Конечно, в дебатах мы часто понимаем оппонентов неправильно. Но даже в таких ситуациях смысл «Бокового переключения» не в том, чтобы осудить другую сторону, и не в том, чтобы найти предлог не слушать ее. Цель этой тактики в том, чтобы вывести нас из состояния самодовольства и самоуспокоения, что позволяет участвовать в процессе с большей открытостью, готовностью к новому, глядя на мир шире.

В труде «Мысли» Блез Паскаль отвечает на вопрос, который с давних пор терзал неверующих: а что, если человек не может заставить себя поверить в Бога? Он советует таким людям идти по пути, который начали другие: поступайте так, словно уже уверовали, окропляйте себя святой водой, просите отслужить мессу и т. д.[161] Иными словами, он говорит о том, что вера – это не столько предусловие религиозной практики, сколько ее последствие. Тактика «Боковое переключение» обещает, что эмпатия работает точно так же, что она произрастает из определенного ритуального действия. Нам надо только следовать конкретной процедуре, а остальное придет само собой.

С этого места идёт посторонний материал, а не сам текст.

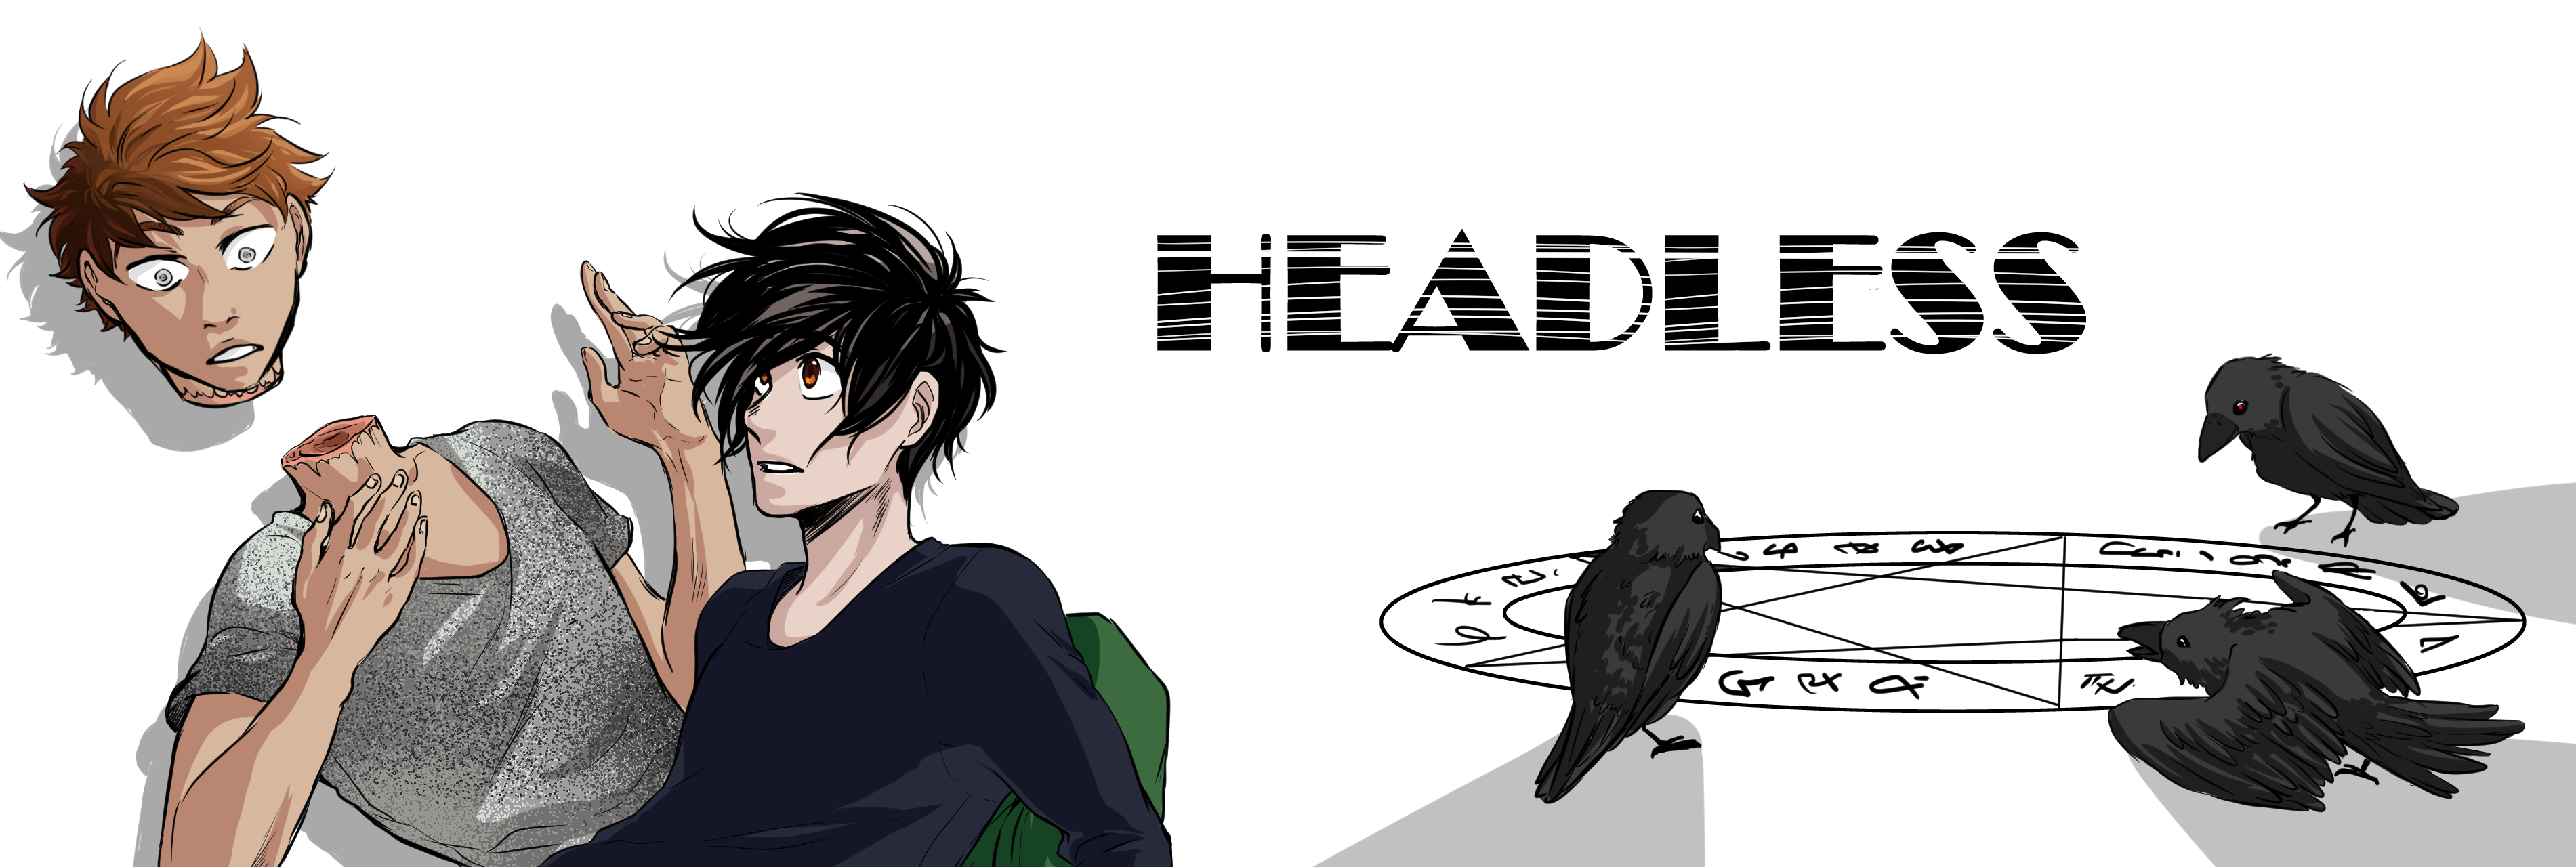 Headless webtoon

Безусловно, опыт видения мира одновременно своими глазами и глазами другого человека сбивает с толку, тревожит и нервирует. А еще это весьма точное описание любви.

* * *

После описанного выше церковного собрания я начал использовать «Боковое переключение» в постоянных спорах с родителями. Я, например, провел мозговой штурм и более серьезно обдумал их советы подумать о знакомстве с девушкой, а также тщательно проанализировал аргументы, с помощью которых пытался убедить маму с папой переехать в дом поменьше. Отчасти это действительно помогло. Я стал более терпимым и внимательным; я сумел увидеть, какими соображениями они руководствуются. Но время шло, разговоры на эти темы продолжались, и резервуар моей резонности начал иссякать. И я вернулся на скучные и затасканные рельсы плохого спора.

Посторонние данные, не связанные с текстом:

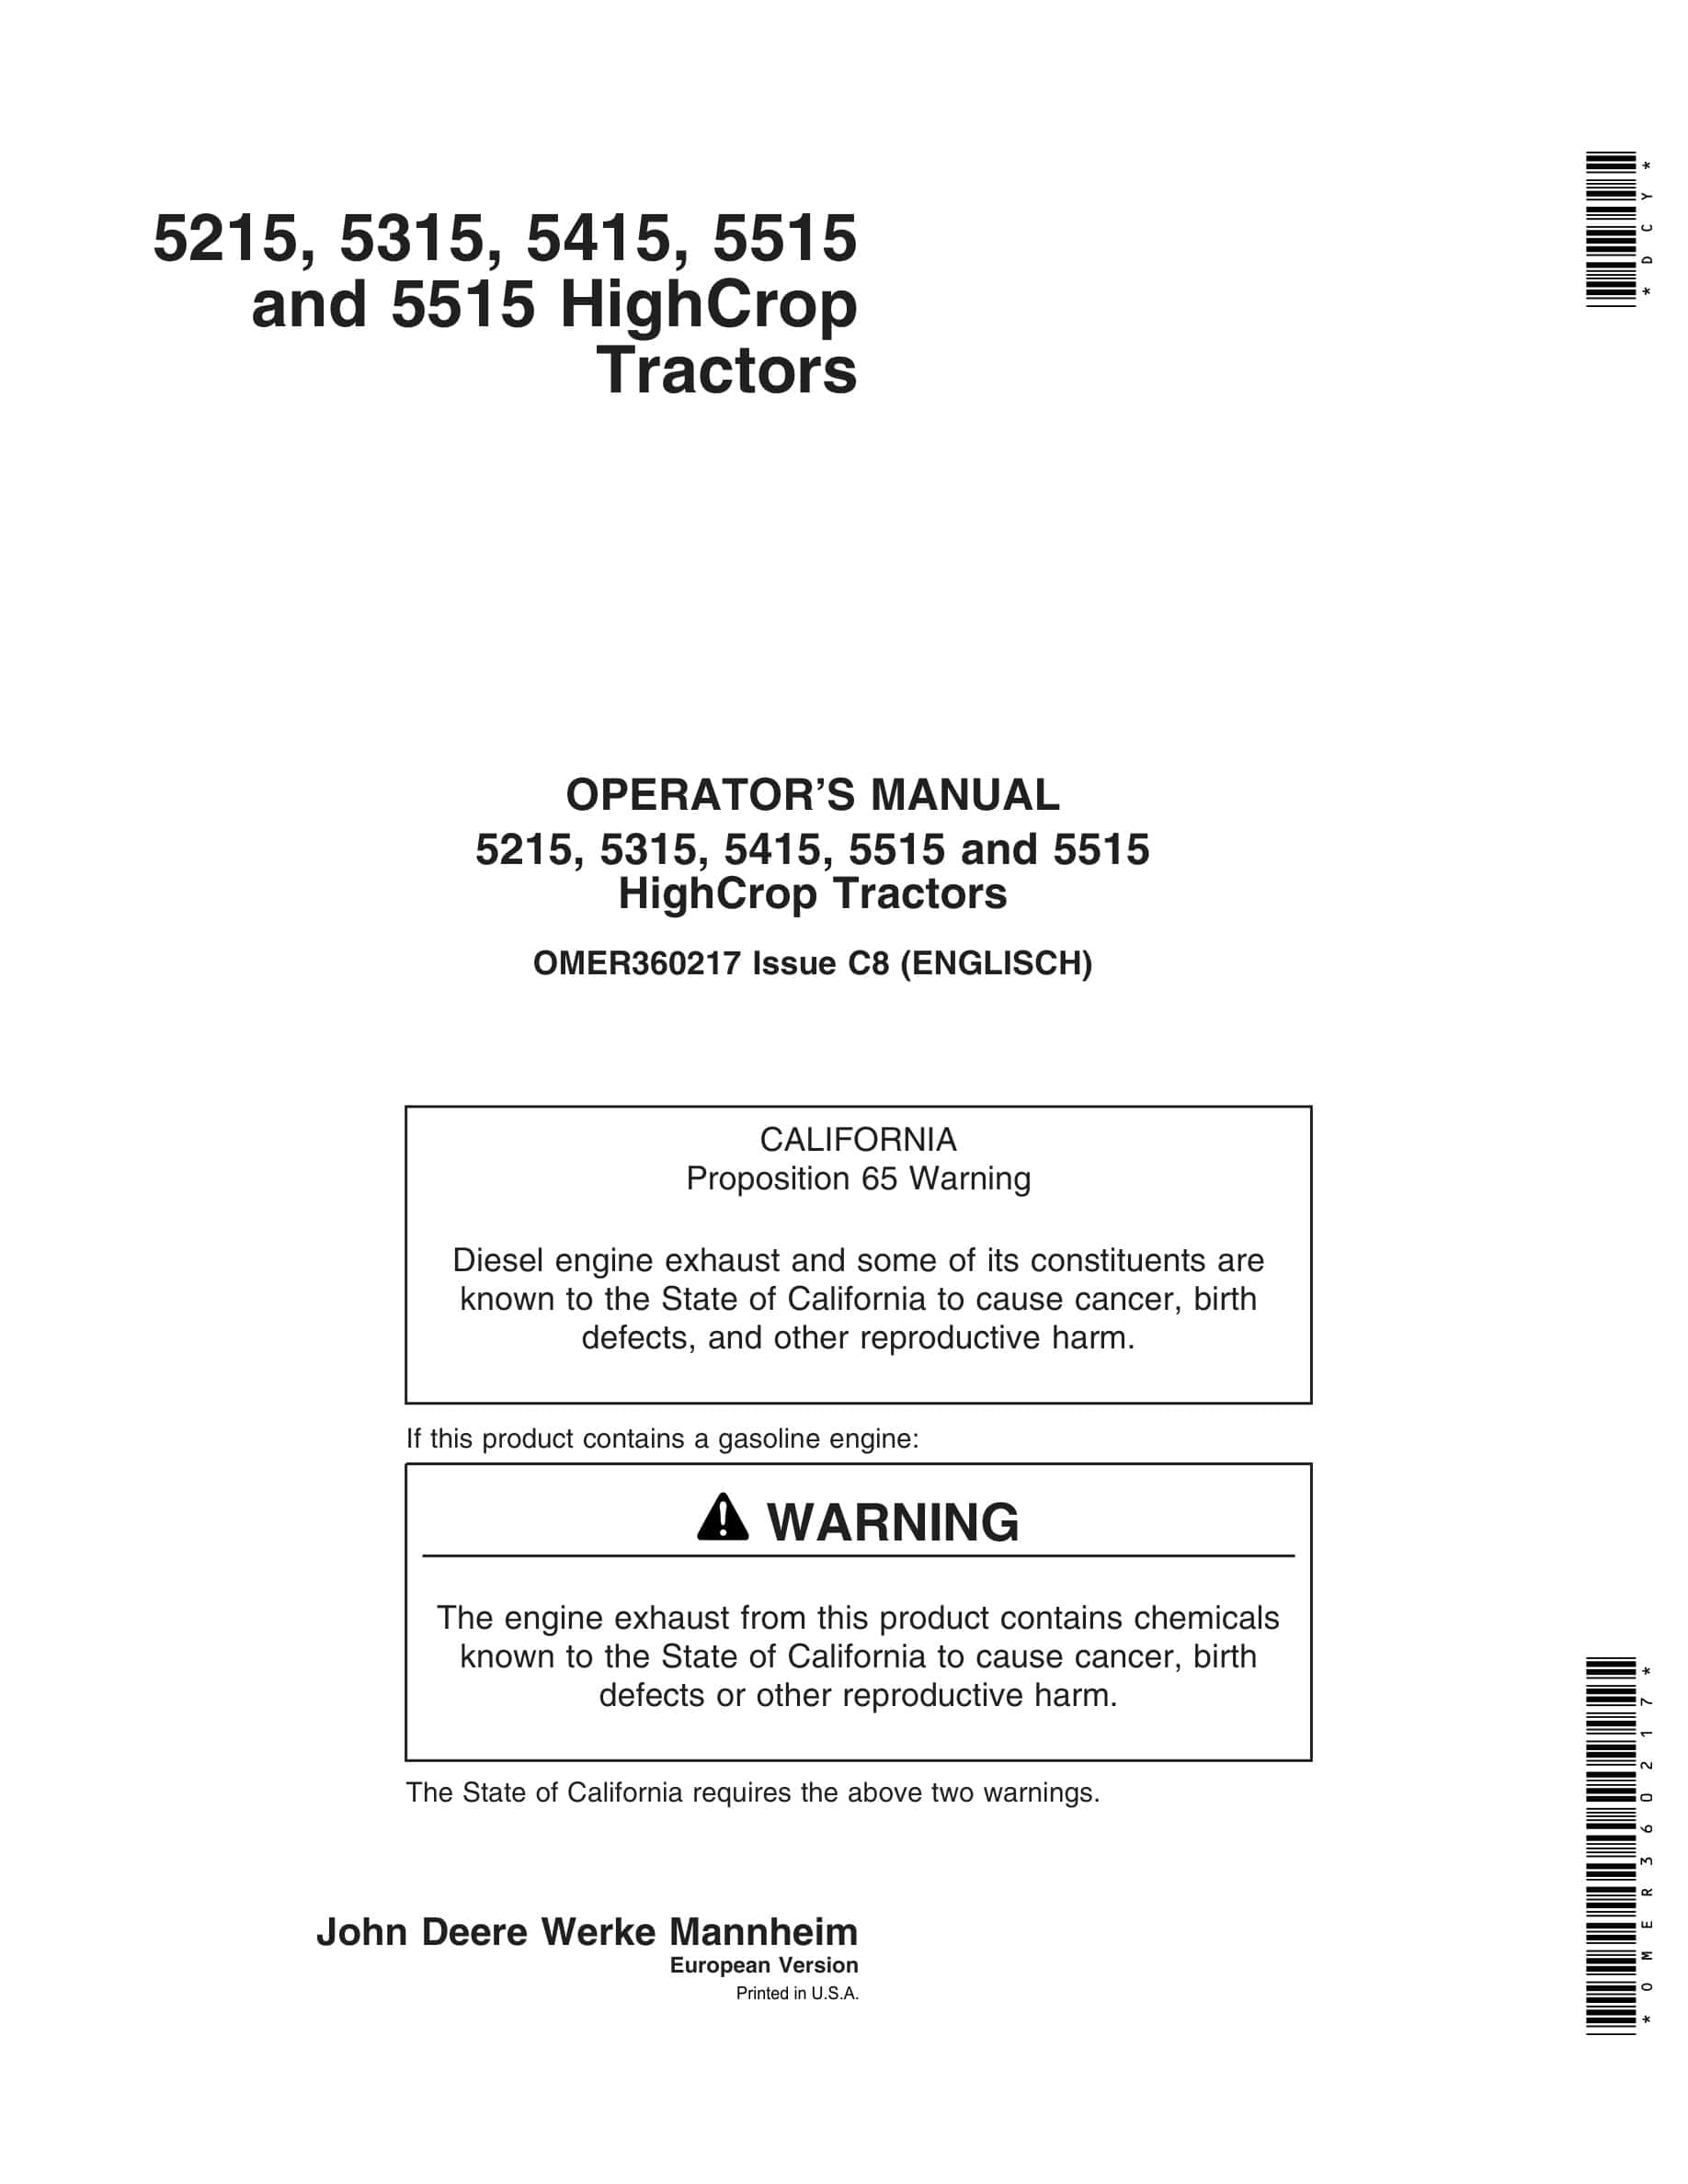 John Deere 5215, 5315, 5415, 5515 And 5515 Highcrop Tractors Operator Manuals OMER360217-1

Отчасти проблема именно в том, что прием «Боковое переключение» работает недолго, а бытовые споры, напротив, нередко очень долгие. Эта тактика помогает разрушить наши необоснованные предположения и разорвать порочный круг плохих споров, действуя как своего рода перезагрузка. Однако, пока она уводит нас в сторону от нашей точки зрения, могущественные силы – гордость, страх, самоидентичность – тянут нас в противоположном направлении. Кроме того, в пылу спора очень трудно справляться с масштабным когнитивным диссонансом: отстаивать собственные интересы, одновременно помня об интересах другой стороны, чрезвычайно сложно.

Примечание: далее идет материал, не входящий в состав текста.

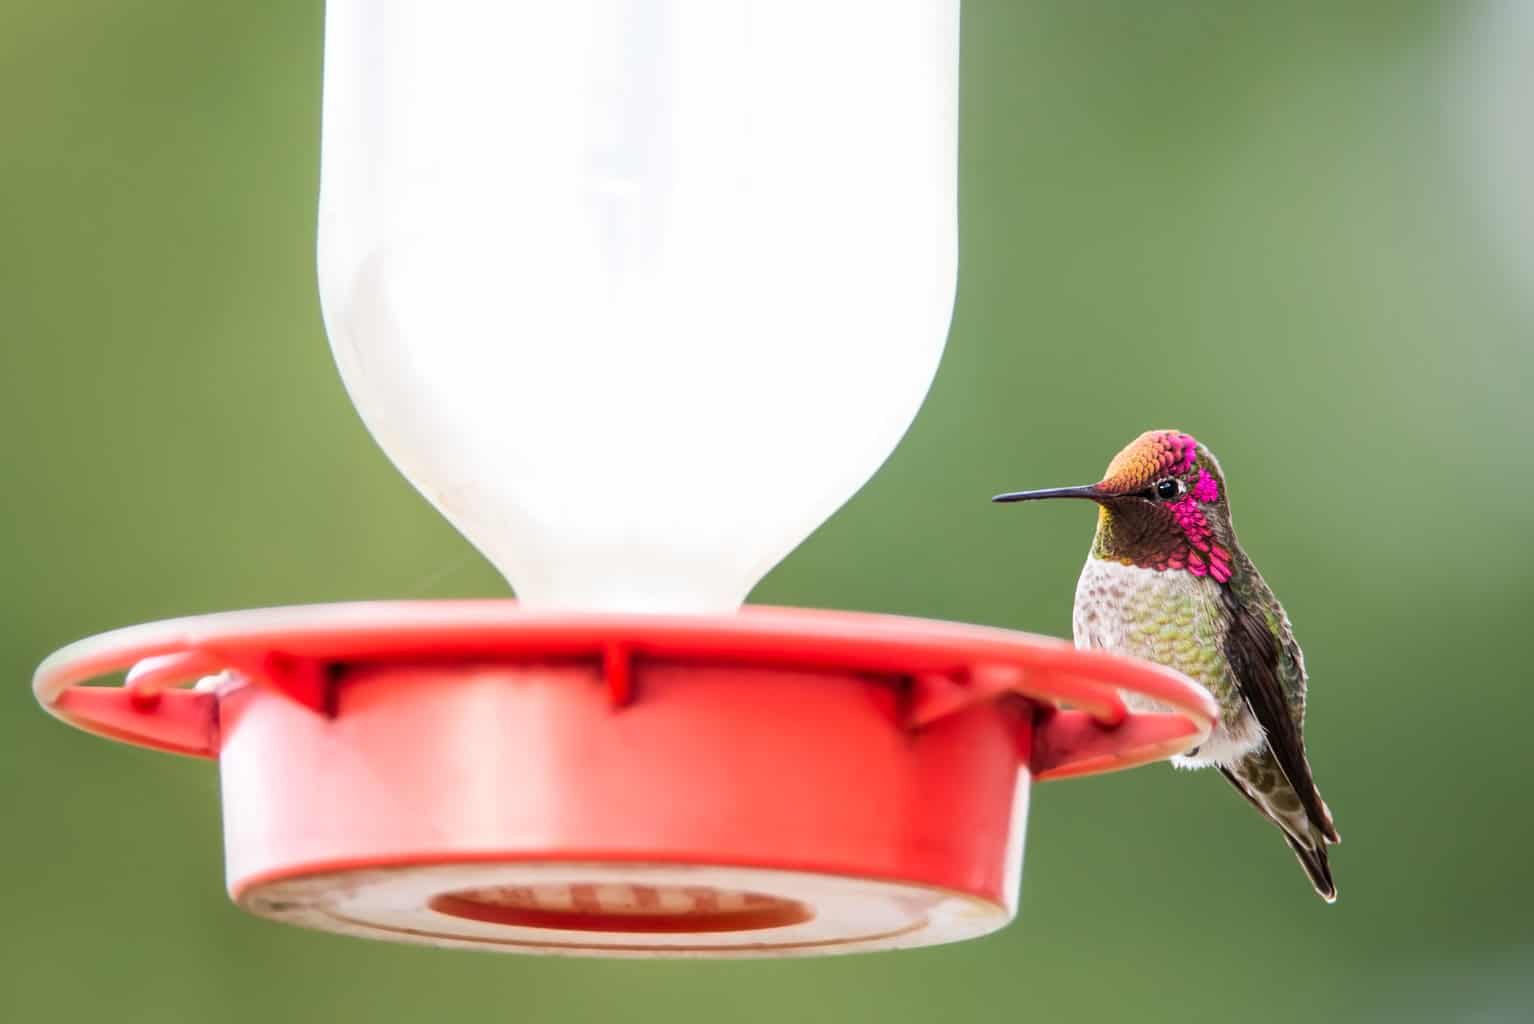 ¡Mi colibrí llega al comedero pero no come!

А потом я вдруг понял, что дебаты и тут могут научить меня кое-чему полезному. Тактика «Боковое переключение» была, по сути, одной из ипостасей более всеобъемлющего принципа дебатов, суть которого в том, что мы должны учитывать позиции, противоположные нашим, и даже примерять их. Эта идея не просто постоянно повторялась в состязательных дебатах, она была встроена в их структуру.

В дебатах твои личные взгляды не имеют к теме спора никакого отношения. Позиции сторон в них распределяются разными способами – подбрасывание монеты, «камень, ножницы, бумага», бумажки из шляпы, – но это всегда случайное распределение. Порой это приводит к весьма комичным комбинациям. Вполне вероятно, дебаты – единственная среда, в которой марксист защищает торговую площадку Amazon, а убежденный противник абортов ратует за исследование стволовых клеток. Записи раундов Оксфордского дебатного союза всегда публикуются с предупреждением следующего содержания: «Спикер на этом видео – участник состязательных дебатов, и высказанные им взгляды могут не отражать его истинных убеждений»[162].

В некоторых лигах от участников, по сути, требуют обсуждать каждую тему с обеих сторон – на одной неделе с утверждающей, а на следующей с отрицающей. Но и без этого требования, если хватает времени, люди спорят по большинству вопросов с обеих позиций и наблюдают, как то же делают их оппоненты.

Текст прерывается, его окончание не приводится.